Department of Obstetrics and Gynaecology, University of British Columbia, Room C420-4500 Oak Street, Vancouver, British Columbia, V6H 3N1, Canada.
Liggins Institute, University of Auckland, Auckland, New Zealand.
Syst Rev. 2021 Dec 3;10(1):305. doi: 10.1186/s13643-021-01849-5.
Early onset fetal growth restriction secondary to placental insufficiency can lead to severe maternal and neonatal morbidity and mortality. Pre-clinical studies and a few small randomised clinical trials have suggested that phosphodiesterase type 5 (PDE-5) inhibitors may have protective effects against placental insufficiency in this context; however, robust evidence is lacking. The STRIDER Consortium conducted four randomised trials to investigate the use of a PDE-5 inhibitor, sildenafil, for the treatment of early onset fetal growth restriction. We present a protocol for the pre-planned systematic review with individual participant data meta-analysis, aggregate meta-analysis, and trial sequential analysis of these and other eligible trials. The main objective of this study will be to evaluate the effects of PDE-5 inhibitors on neonatal morbidity compared with placebo or no intervention among pregnancies with fetal growth restriction.

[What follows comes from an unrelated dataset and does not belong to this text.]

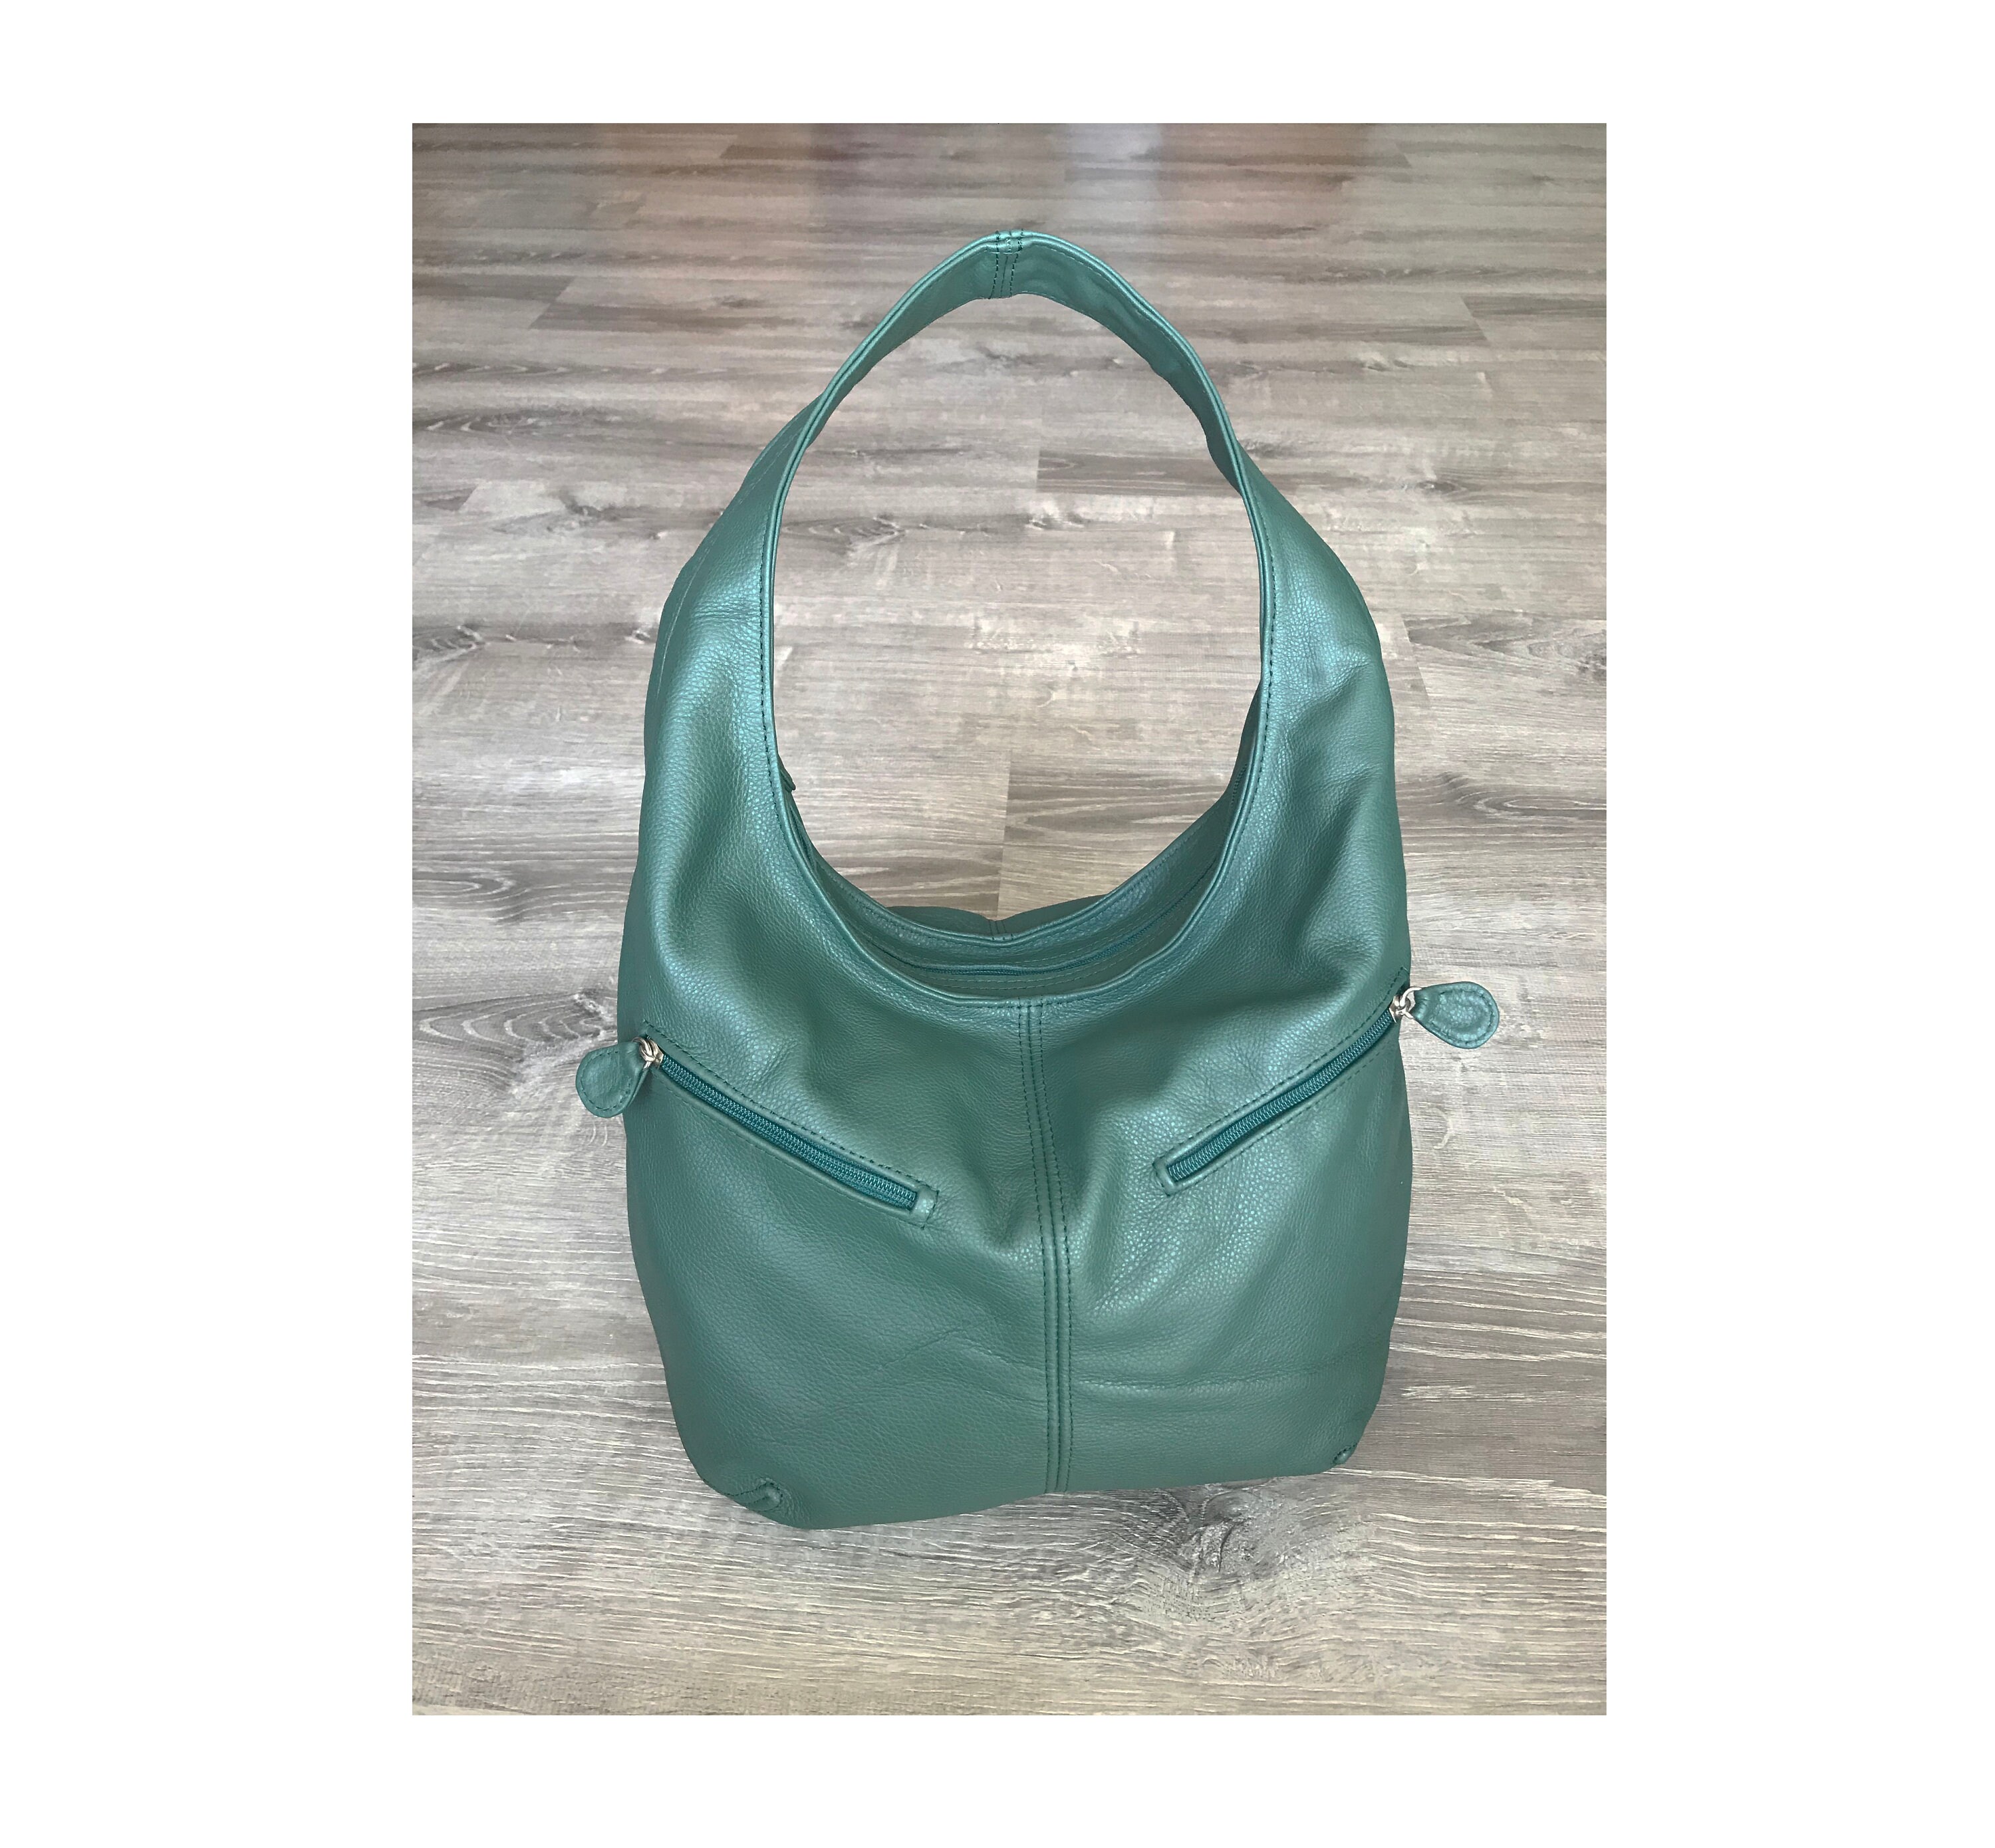 Small, lightweight, comfortable leather handbag from Ladybuq Art

We will search the following electronic databases with no language or date restrictions: OVID MEDLINE, OVID EMBASE, the Cochrane Controlled Register of Trials (CENTRAL), and the clinical trial registers Clinicaltrials.gov and World Health Organisation International Clinical Trials Registry Platform (ICTRP). We will identify randomised trials of PDE-5 inhibitors in singleton pregnancies with growth restriction. Two reviewers will independently screen all citations, full-text articles, and abstract data. Our primary outcome will be infant survival without evidence of serious adverse neonatal outcome. Secondary outcomes will include gestational age at birth and birth weight z-scores. We will assess bias using the Cochrane Risk of Bias 2 tool. We will conduct aggregate meta-analysis using fixed and random effects models, Trial Sequential Analysis, and individual participant data meta-analysis using one- and two-stage approaches. The certainty of evidence will be assessed with GRADE.
This pre-defined protocol will minimise bias during analysis and interpretation of results, toward the goal of providing robust evidence regarding the use of PDE-5 inhibitors for the treatment of early onset fetal growth restriction.
PROSPERO (CRD42017069688).
胎盘功能不全导致的早期胎儿生长受限可导致严重的母婴发病率和死亡率。临床前研究和一些小型随机临床试验表明,磷酸二酯酶 5(PDE-5)抑制剂在这种情况下可能对胎盘功能不全具有保护作用;然而,缺乏确凿的证据。STRIDER 联合会进行了四项随机试验,以研究 PDE-5 抑制剂西地那非治疗早期胎儿生长受限的作用。我们提出了一项方案,对这些试验和其他符合条件的试验进行预先计划的系统评价,包括个体参与者数据荟萃分析、汇总荟萃分析和试验序贯分析。本研究的主要目的将是评估 PDE-5 抑制剂与安慰剂或无干预相比,在胎儿生长受限的妊娠中对新生儿发病率的影响。
我们将在没有语言或日期限制的情况下搜索以下电子数据库:OVID MEDLINE、OVID EMBASE、Cochrane 对照试验登记册(CENTRAL)以及临床试验登记处 Clinicaltrials.gov 和世界卫生组织国际临床试验注册平台(ICTRP)。我们将确定 PDE-5 抑制剂在胎儿生长受限的单胎妊娠中的随机试验。两名评审员将独立筛选所有引用、全文文章和摘要数据。我们的主要结局将是无严重不良新生儿结局的婴儿存活率。次要结局将包括出生时的胎龄和出生体重 z 评分。我们将使用 Cochrane 偏倚风险 2 工具评估偏倚。我们将使用固定和随机效应模型进行汇总荟萃分析,使用单阶段和两阶段方法进行试验序贯分析和个体参与者数据荟萃分析。证据的确定性将使用 GRADE 进行评估。
本预先定义的方案将最大限度地减少分析和解释结果中的偏倚,旨在为 PDE-5 抑制剂治疗早期胎儿生长受限的应用提供有力的证据。
PROSPERO(CRD42017069688)。